Mellum2 Model Family

This repository contains one checkpoint from the Mellum2 family.

Checkpoint	Description
Base Pretrain	Base checkpoint before long-context extension
Base	Final base model
Instruct SFT	Supervised instruction-tuned checkpoint
Thinking SFT	Supervised thinking checkpoint
Instruct	RL-tuned instruction model
Thinking	RL-tuned thinking model

Model Overview

Mellum2 Base has the following features:

Number of Layers: 28
Hidden Size: 2304
Intermediate Size: 7168
MoE Intermediate Size: 896
Number of Experts: 64
Number of Activated Experts: 8
Number of Attention Heads (GQA): 32 for Q and 4 for KV
Context Length: 131,072
Sliding Window: 1,024
Vocabulary Size: 98,304
Precision: bfloat16

Serving with vLLM

vllm serve JetBrains/Mellum2-12B-A2.5B-Base --max-model-len 131072

Quickstart

Text-Only Input (base model — use the completions endpoint, not chat)

from openai import OpenAI
# Configured by environment variables
client = OpenAI()

completion = client.completions.create(
    model="JetBrains/Mellum2-12B-A2.5B-Base",
    prompt="def fibonacci(n):\n    ",
    max_tokens=81920,
    temperature=0.6,
    top_p=0.95,
    extra_body={
        "top_k": 20,
    },
)
print("Completion:", completion)

Evaluation

Mellum2 Base pretraining results compared with similarly-sized open base models. All values are self-reported by JetBrains.

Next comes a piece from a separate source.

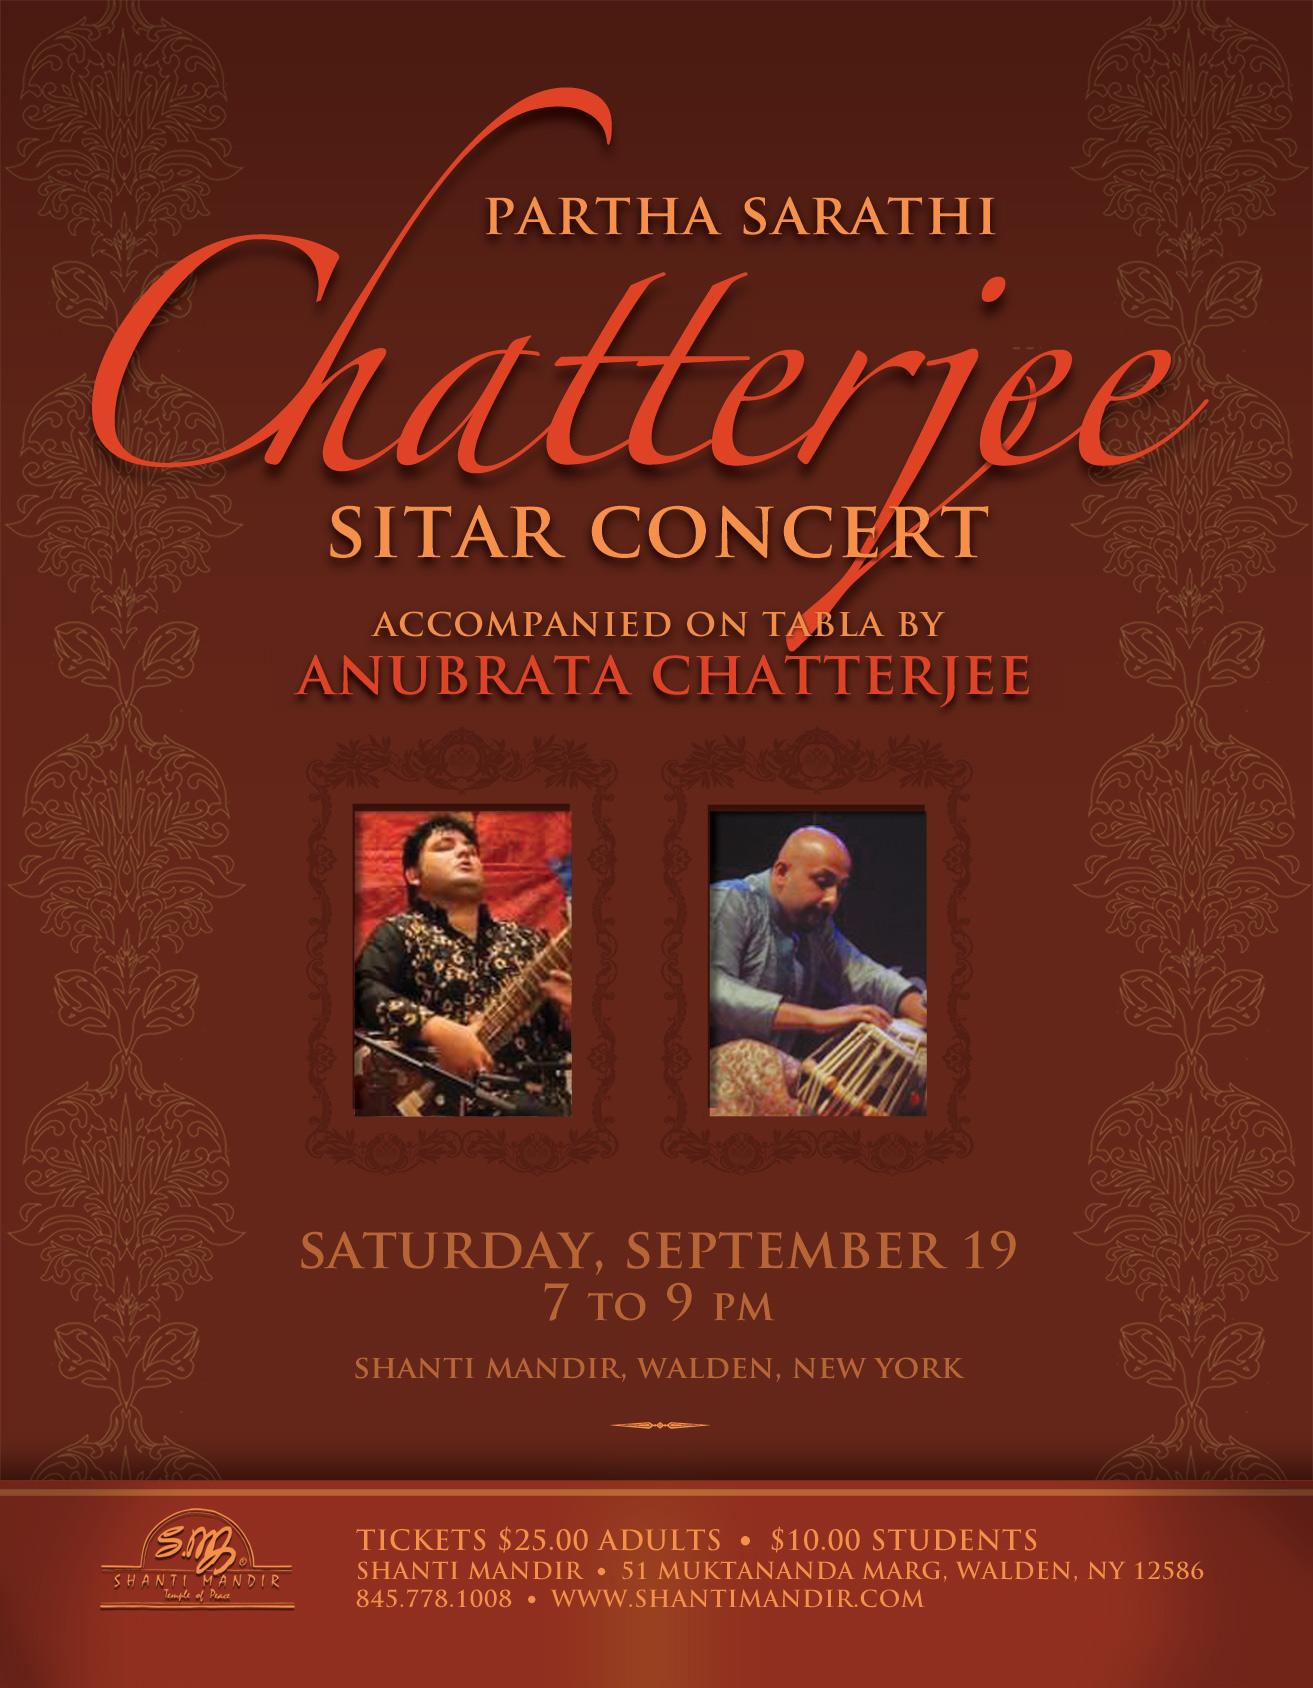 Chatterjee Concert-Flyer-Sept 2015

Benchmark	Mellum2 (12B-A2.5B)	OLMo-3 (7B)	Qwen2.5 (7B)	Qwen3 (4B)	Qwen3.5 (4B)
Code Generation
HumanEval	41.5	45.1	55.5	57.3	50.0
HumanEval+	37.2	39.6	47.0	51.2	43.9
MBPP	62.4	50.6	63.6	67.0	52.2
MBPP+	61.4	52.9	64.0	64.5	55.0
MultiPL-E (7 langs)	21.0	10.0	19.2	26.0	12.1
CRUXEval-I	45.4	38.8	44.0	44.6	49.1
CRUXEval-O	43.9	36.6	42.9	43.5	43.2
Knowledge & Reasoning
MMLU	70.9	62.1	71.8	71.1	74.2
MMLU-Pro	59.3	34.5	48.6	51.5	52.4
BBH	74.9	63.6	69.0	71.3	80.2
ARC-Challenge	53.5	53.6	51.3	51.2	54.9
HellaSwag	73.7	74.2	78.9	73.7	75.3
WinoGrande	65.5	69.5	73.3	71.2	70.8
TruthfulQA MC2	44.5	47.0	56.4	53.5	52.1
Math & Science
GSM8K	81.7	73.5	81.9	82.0	80.1
MATH	10.0	18.7	24.6	27.7	25.3
GPQA Diamond	31.3	28.8	32.8	36.9	41.4
GPQA Main	35.0	27.9	34.2	36.8	40.2

For more details, see the Mellum2 Technical Report.

License

Released under the Apache 2.0 license.